Cryo-Electron Microscopy (Cryo-EM) Measurements

All samples used in cryo-EM measurements were incubated, with or without αS (200 μM), for 1 h at 298K using fresh preparations of SUV-31% at a concentration of 0.05%. The SUV concentrations were calculated by considering exclusively the DOPE:DOPS:DOPC component. After incubation cryo-EM grids were prepared by vitrifying the sample solutions using aliquots of 2 μL and a Vitrobot Mark III apparatus (SMIF, Duke University, Durham, United Kingdom) at a relative humidity of 100% at 20°C. The samples were loaded on a glow-discharged copper Quantifoil R2/2 grid (Quantifoil GmbH, Germany) and blotted with filter paper for 2.5 s to leave a thin film of solution. The blotted samples were immediately plunged into liquid ethane and stored under liquid nitrogen prior to imaging.

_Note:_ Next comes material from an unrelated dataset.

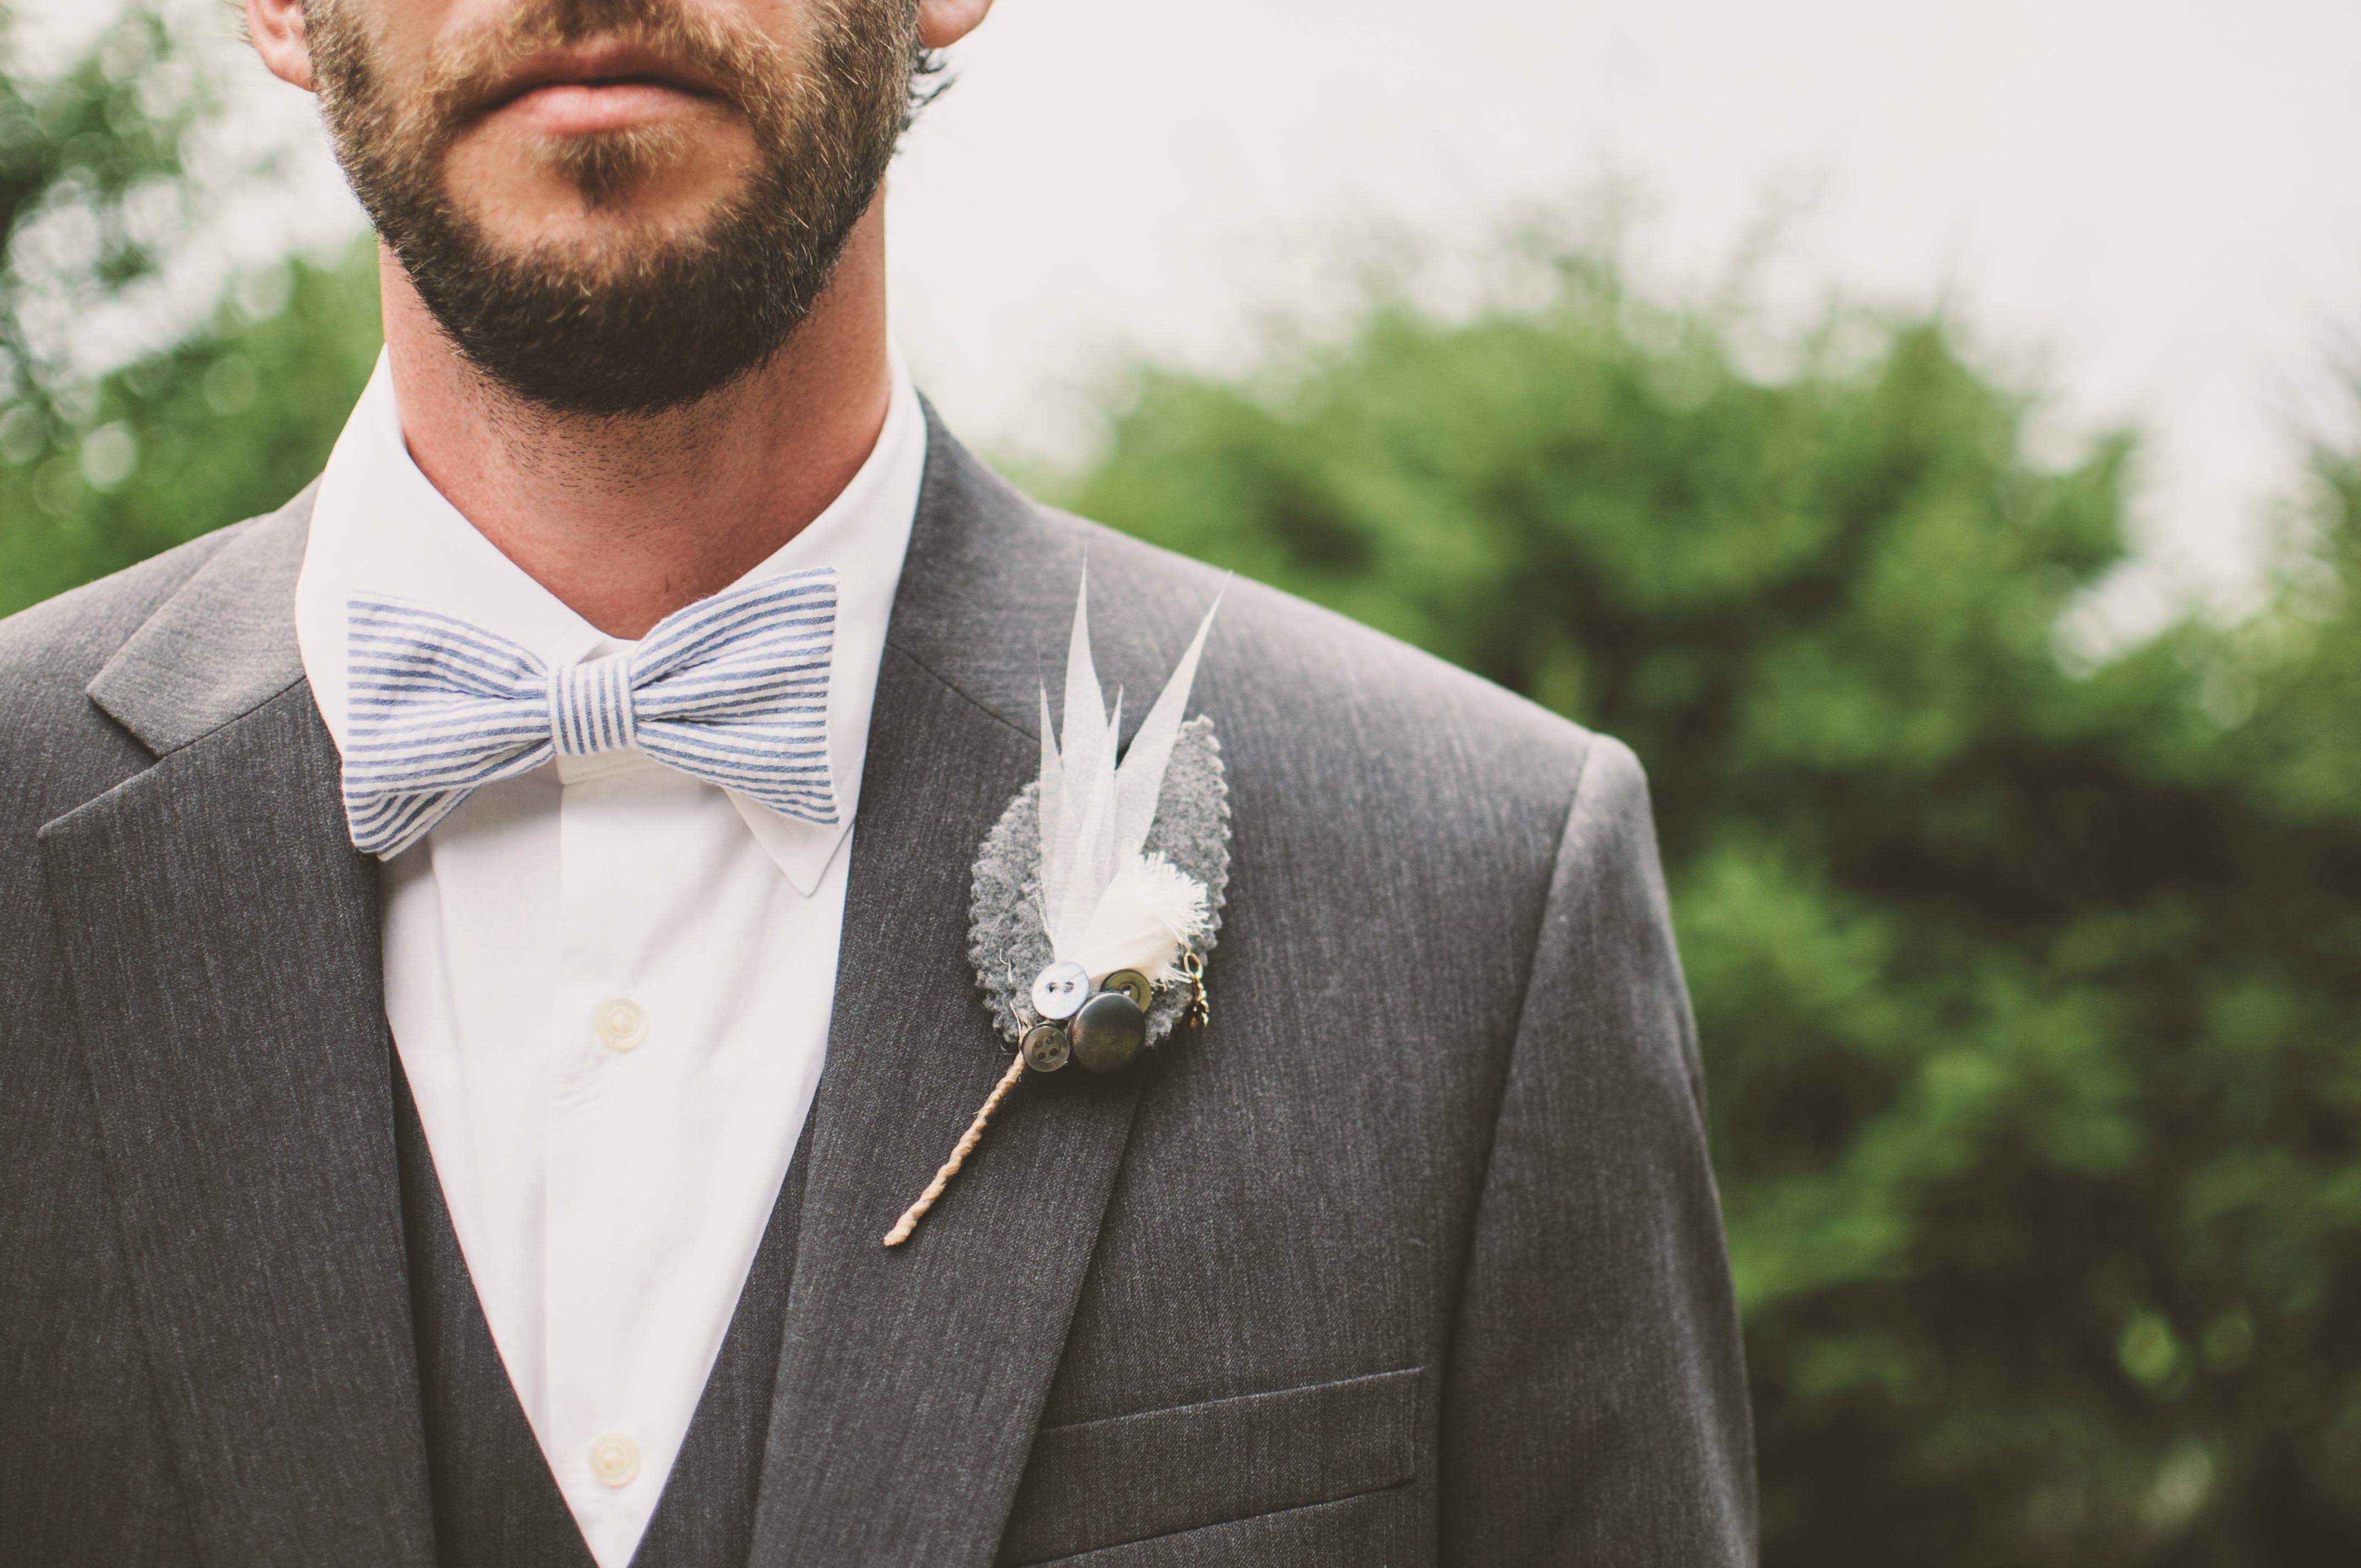 Man Wearing Gray and White Tuxedo

Micrographs were aquired using a Tecnai T12 twin (LaB6) electron microscope operating at 120 kV (FEI, Hillsboro, Oregon, United States), using a Gatan 626 cryo-holder (Gatan, Pleasanton, United States) cooled with liquid nitrogen to temperatures below -170°C. Digital micrographs were acquired on a TVIPS F216 CCD camera using the EMMENU 4 software package (TVIPS, Munich, Germany).

Results

Influence of Cholesterol on the Binding Affinity of αS With Synaptic-Like SUVs

We used synaptic-like small unilamellar vesicles (SUVs) composed of a mixture of 1,2-dioleoyl-sn-glycero-3-phosphoethanolamine (DOPE), 1,2-dioleoyl-sn-glycero-3-phospho-L-serine (DOPS), 1,2-dioleoyl-sn-glycero-3-phosphocholine (DOPC) at a ratio w/w of 5:3:2 (Bodner et al., 2009). This mixture has been widely used to study the binding of αS with synaptic membranes (Bodner et al., 2009, 2010; Maltsev et al., 2012; Ouberai et al., 2013; Fonseca-Ornelas et al., 2014; Fusco et al., 2014, 2016b; Ysselstein et al., 2015), and is considered to be a good model of SV membrane in terms of curvature, charge and lipid composition (Bodner et al., 2009). A second type of SUVs was prepared using DOPE:DOPS:DOPC lipids (5:3:2 w/w) and cholesterol, the latter amounting to 31% w/w of the total mixture to mimic the natural abundance in the membrane component of SVs (Takamori et al., 2006). The two types of vesicles are denoted as SUV-0% and SUV-31% throughout this article.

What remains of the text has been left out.